Решил снизить «потребление табака» – на треть хотя бы, ибо конца кризису не предвидится.
5.9.90.
***
Два месяца Люся в больнице – и никаких сдвигов. Только-только поняли, в чем дело. Два месяца жизнь крутится вокруг больницы. И до этого – с двухнедельным зыбким перерывом – было полтора месяца. Тогда, правда, было чуть полегче. Был сегодня в больнице дважды. Сдвигов никаких. <…>
Звонил Канчуков – так, ни о чем, малость потрепаться. Раздраженный на московские нехватки. Организует у себя в Загорске видеосалон – «чтоб был, как самогонный аппарат: завел, запустил – и денежки капают помаленьку». Потом был анекдотический звонок от декана: ректор просил меня и Колю Капустина повыпускать немного нашу многотиражку, пока нет редактора. <…> Они думают, что газету можно этак вот «повыпускать». Разумеется, отказался. Услыхав голос Холодова, подумал, что он начнет в колхоз меня посылать.
Пришла «ЛГ» и «Русская литература», в которой начинают печатать «Русскую идею» Бердяева.
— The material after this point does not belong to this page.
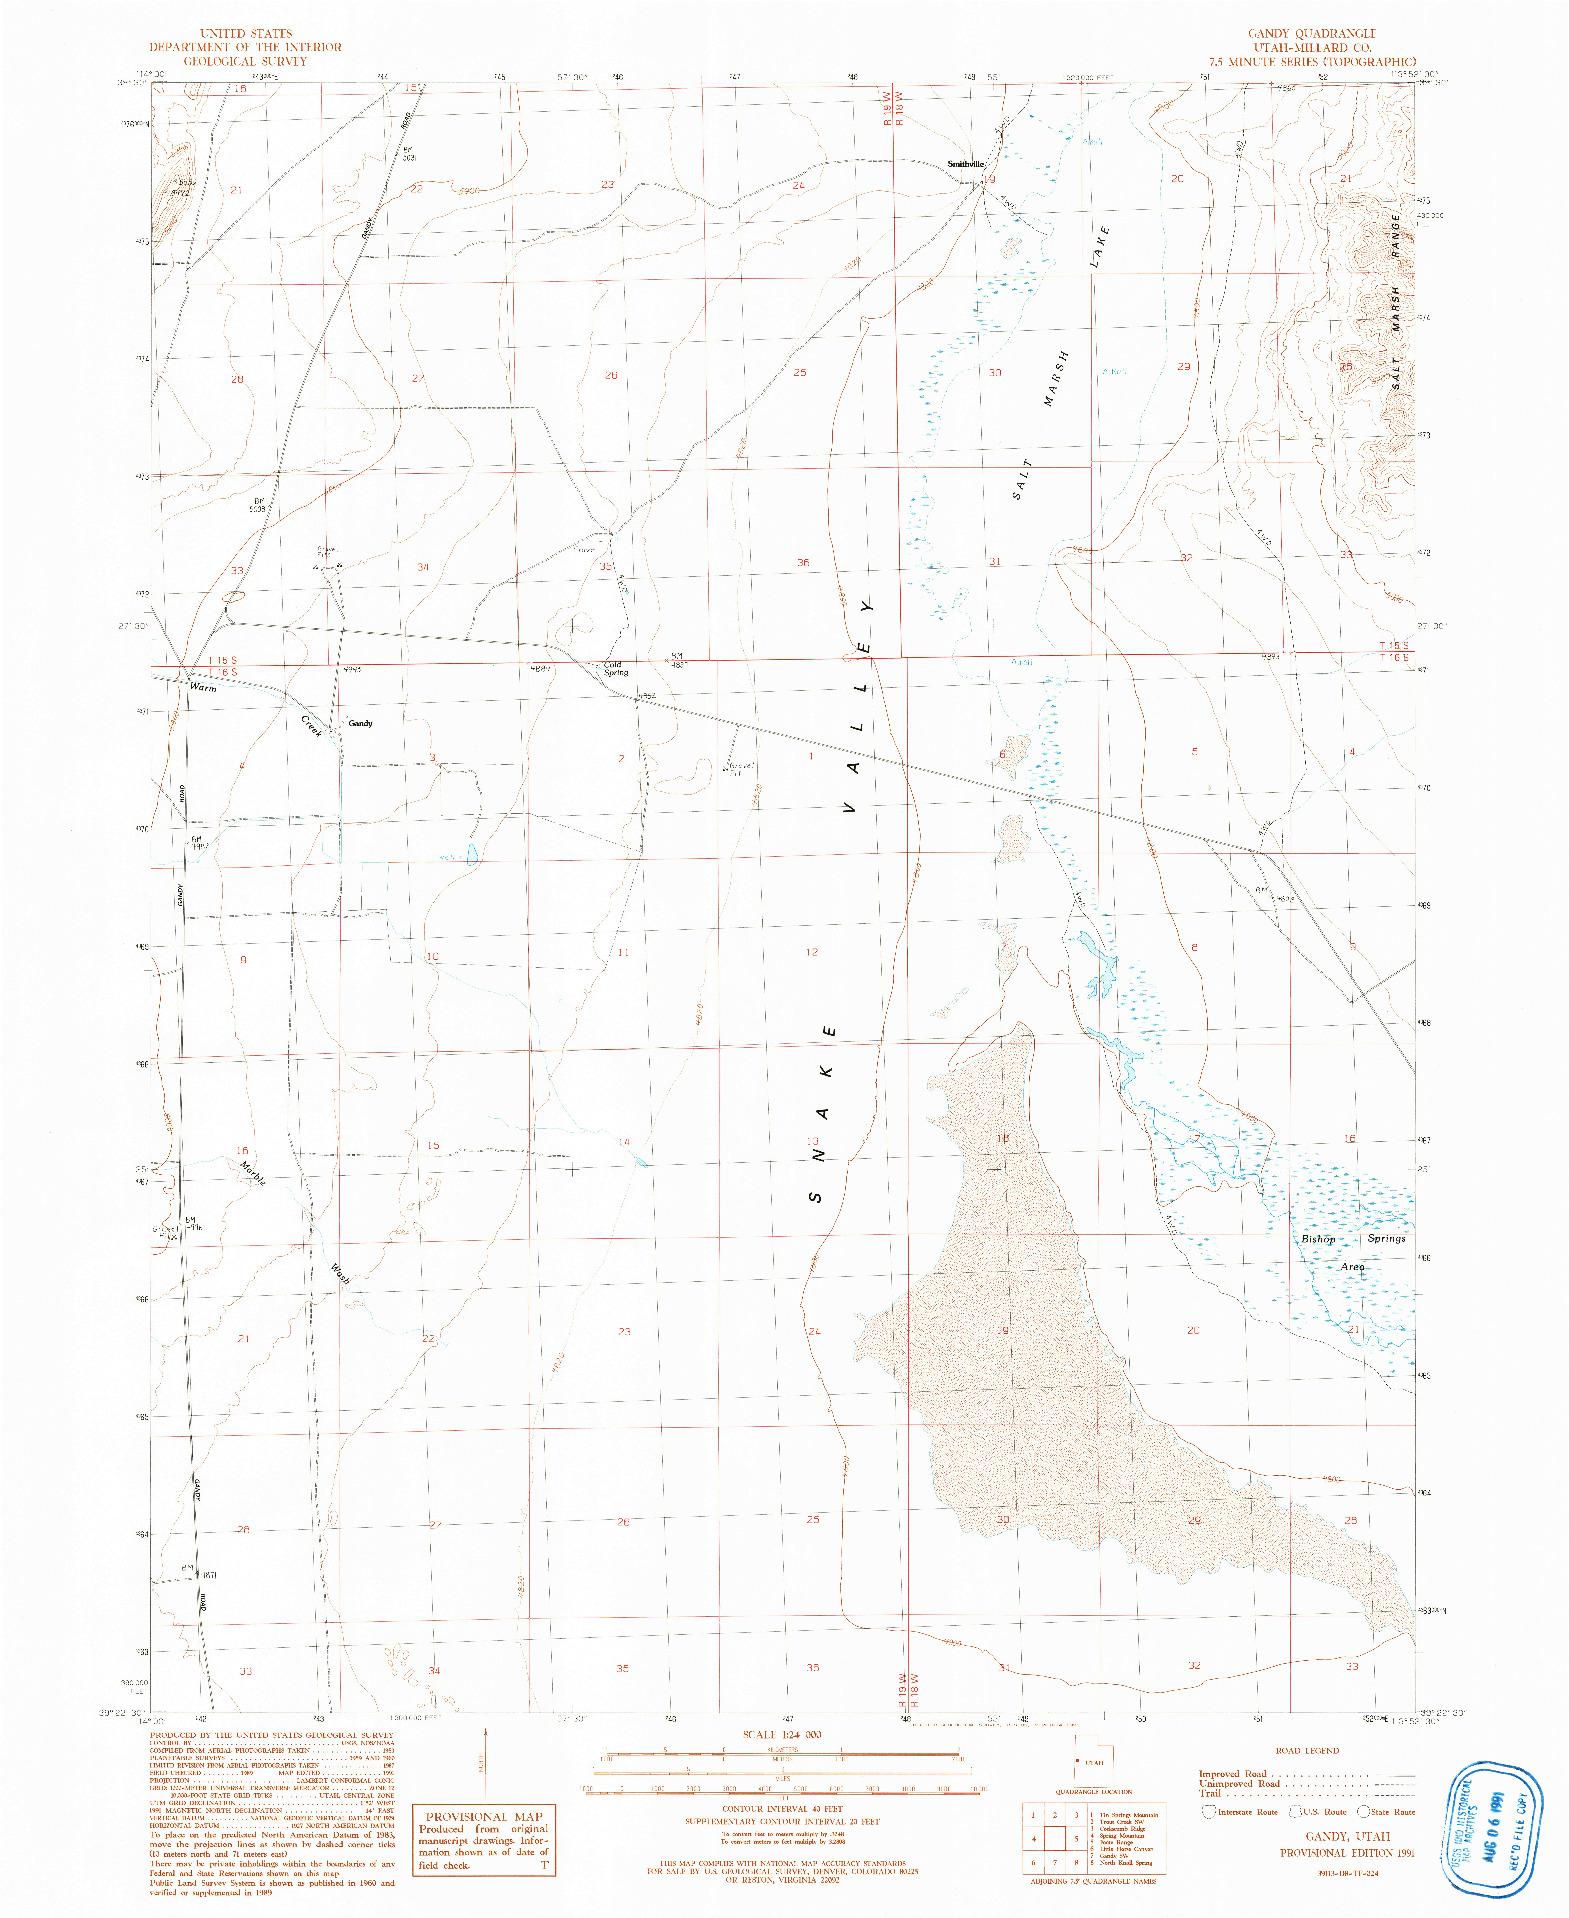 USGS 1:24000-SCALE QUADRANGLE FOR GANDY, UT 1991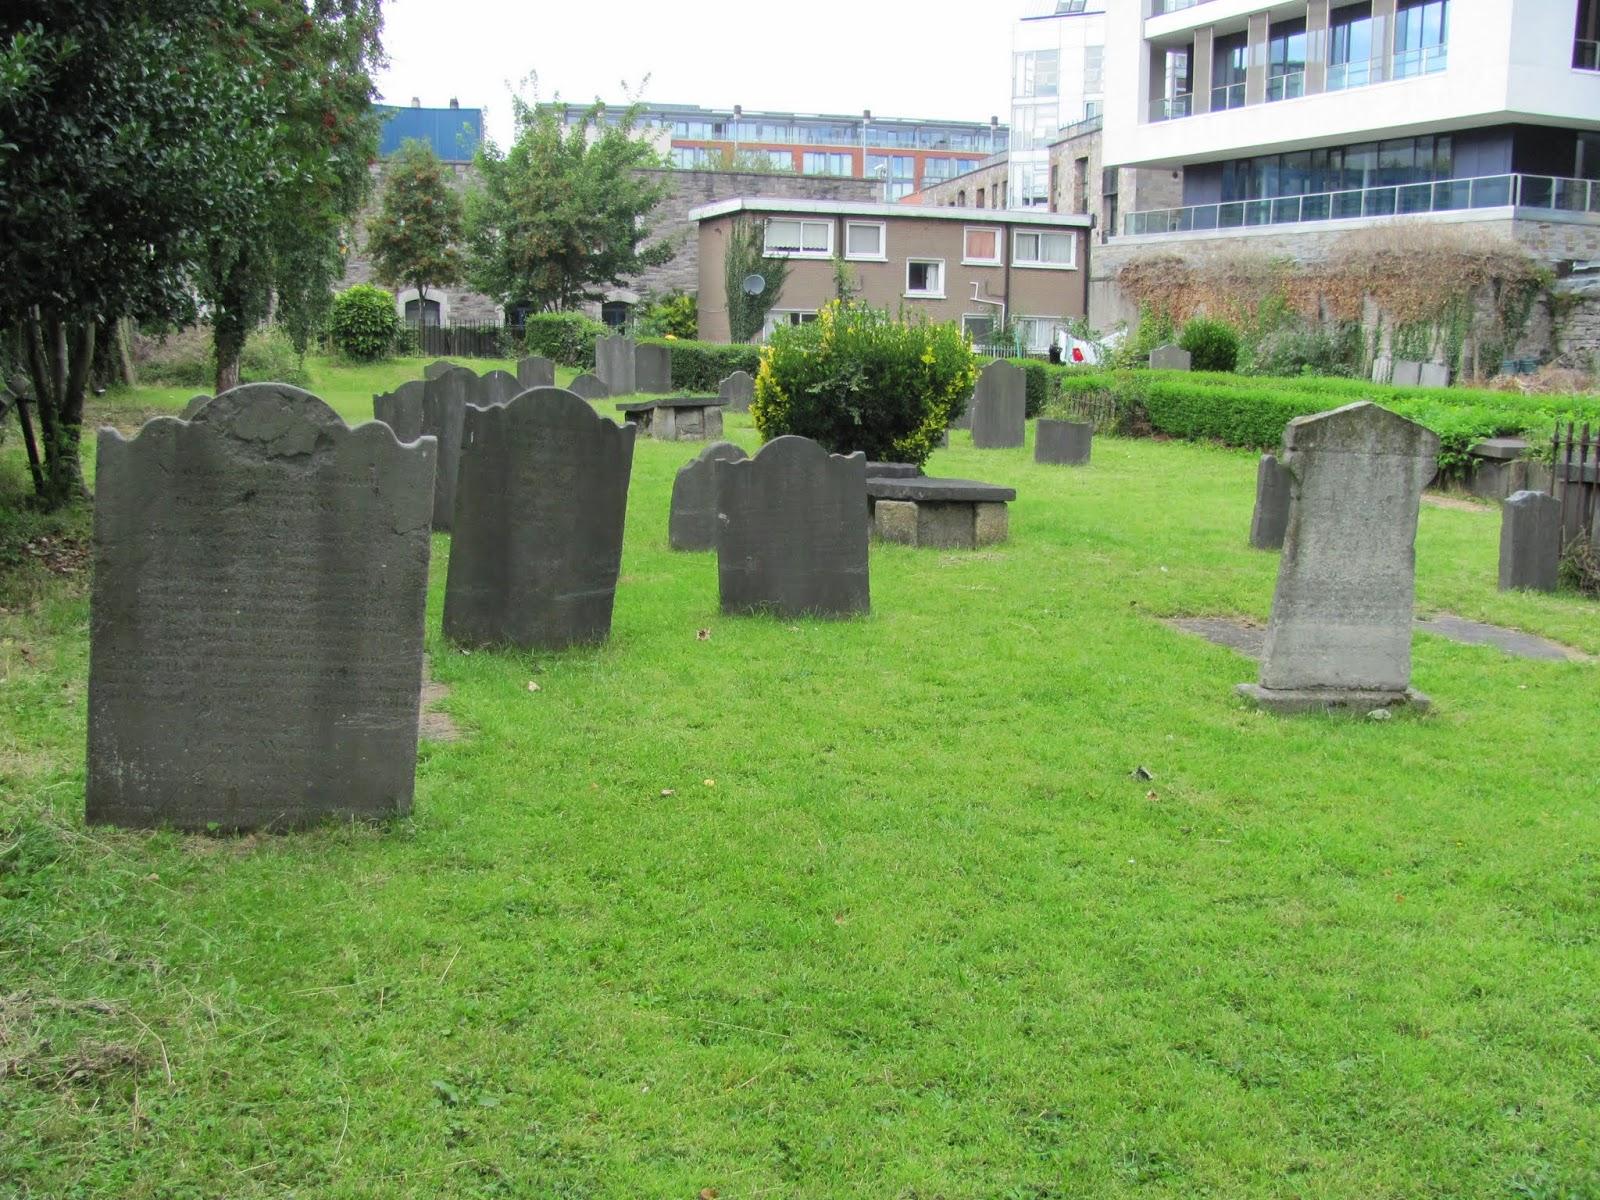 St. Michan's Church Cemetery Dublin, Ireland

Вот уж – «хорошая мысля приходит опосля» и всем сразу – после того, как издали в сборнике (того же издательства «Наука»), в «Вопросах философии» и т. д. В Литературке ничего особенно выдающегося. Только Непомнящий ругает советскую пушкинистику, тянет одеяло на себя, а Пушкина – в религиозные поэты, а не то – в акыны какие-то.
Обнаружился новый дефицит – типографской краски. Молю бога, чтобы вышли два журнала с моими статьями – № 9 «Лит. обозрения» и № 10 «Знамени». Я уж махнул рукой на «Волгу» № 6 и № 9. А те две публикации дали бы мне около тысячи и маленько закрепили бы имя.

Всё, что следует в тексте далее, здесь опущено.